NATM Buying Corp., the 11-member buying group comprised of some of the nation’s largest regional electronics and appliance retailers, gathered for its annual vendor conference last week in Dallas under the banner “Winning Together.”
The theme, explained executive director Jerry Satoren, underscores what he believes is one of the biggest accomplishments in his two short years on the job: fostering greater group cohesiveness, which strengthens NATM’s hand in vendor negotiations and supports the creation of group merchandising programs that all of its members can get behind.
Satoren said the unified front has restored some sway to retailers, who have largely conceded control over pricing and promotions to manufacturers, especially on the appliance side.
Scott Hymas, CEO of Utah chain RC Willey and president of NATM, concurred. “We’re running a few more programs and we’re more united than we’ve ever been before,” he told a packed ballroom of retailers and vendors, in a dinner address that lauded Satoren and operations director Michael Maund.
Hymas also used the platform to prod manufacturers to do their part in supporting a positive shopping experience for customers by delivering on promises, and promised merchandise, without passing the buck.
“To be in business tomorrow or in five years, we have to get better together,” he said.
At a press sit-down, Satoren said 2016 represents “another good year” for NATM, albeit a harder-fought one as majap industry growth has inexplicably slowed, particularly in laundry, and 4K TV is quickly becoming a mass-market product.
Nonetheless, member dealers have outperformed their white-goods peers and garnered share, while their CE businesses are fighting TV price erosion with a high-end mix of quantum dot, OLED and HDR displays in 75-inch and greater sizes, he noted.

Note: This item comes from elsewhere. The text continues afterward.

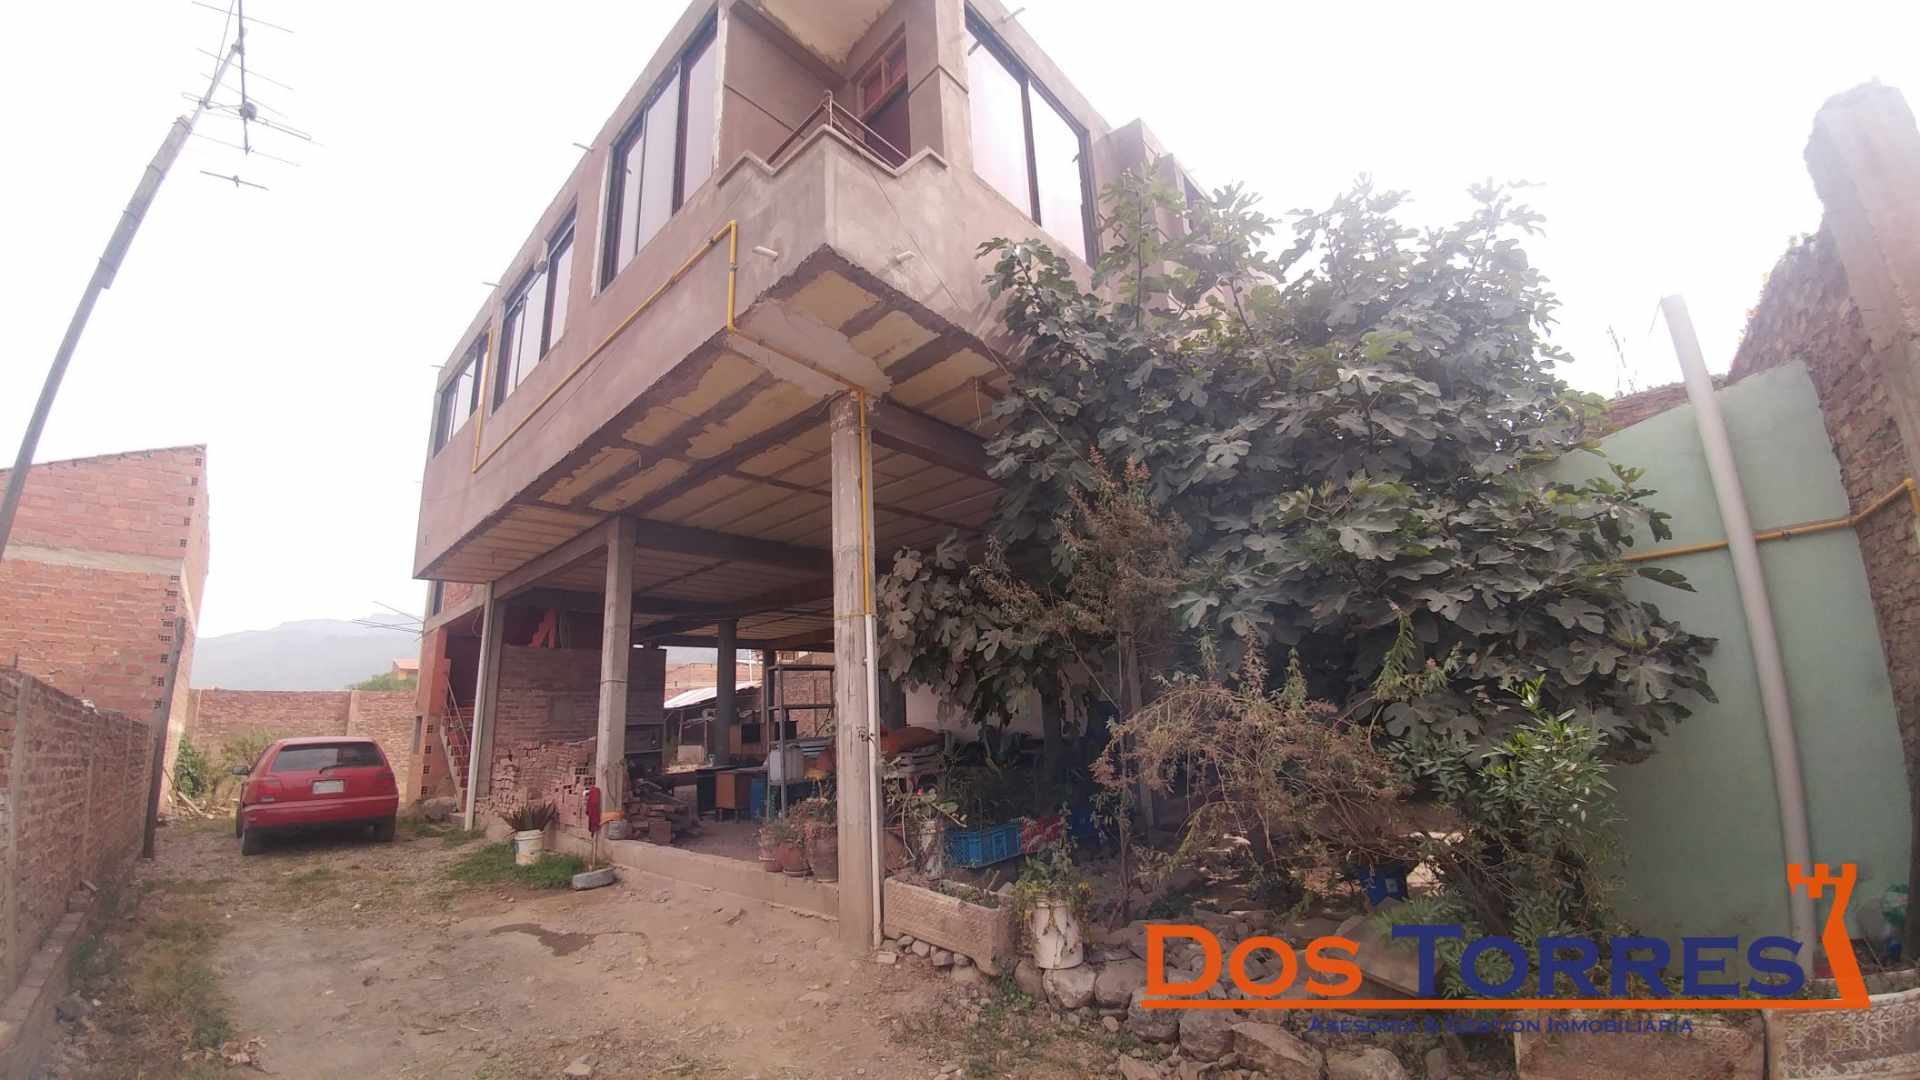 Casa en Venta137.000$us Chillimarca casa en venta con 5 Dormitorios - Ref. 910 Foto 1

He said dealers are also benefitting from bedding — a “very profitable category with enormous growth” — which is now carried by all 11 members and supported by group programs.

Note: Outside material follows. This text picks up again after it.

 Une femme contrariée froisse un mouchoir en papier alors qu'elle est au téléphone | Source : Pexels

P.C. Richard & Son president/CEO Gregg Richard acknowledged that he’d “resisted bedding for years” given the plethora of mattress specialty stores in the New York metro area, but then realized his customers only shopped there because his showrooms didn’t offer it.
Bedding has since become an important part of his business, he told TWICE, and has offset declines in home office.
Another good sign for NATM is store expansion. Following last year’s Nebraska Furniture Mart debut in Dallas, members including Curacao and P.C. Richard are opening new locations (in Las Vegas and Brooklyn, N.Y., respectively), while Tennessee’s Electronic Express is remodeling six of its 16 stores and expanding a distribution center to make more room for bedding and furniture and to add small appliances to the mix, principal Abe Yazdian said.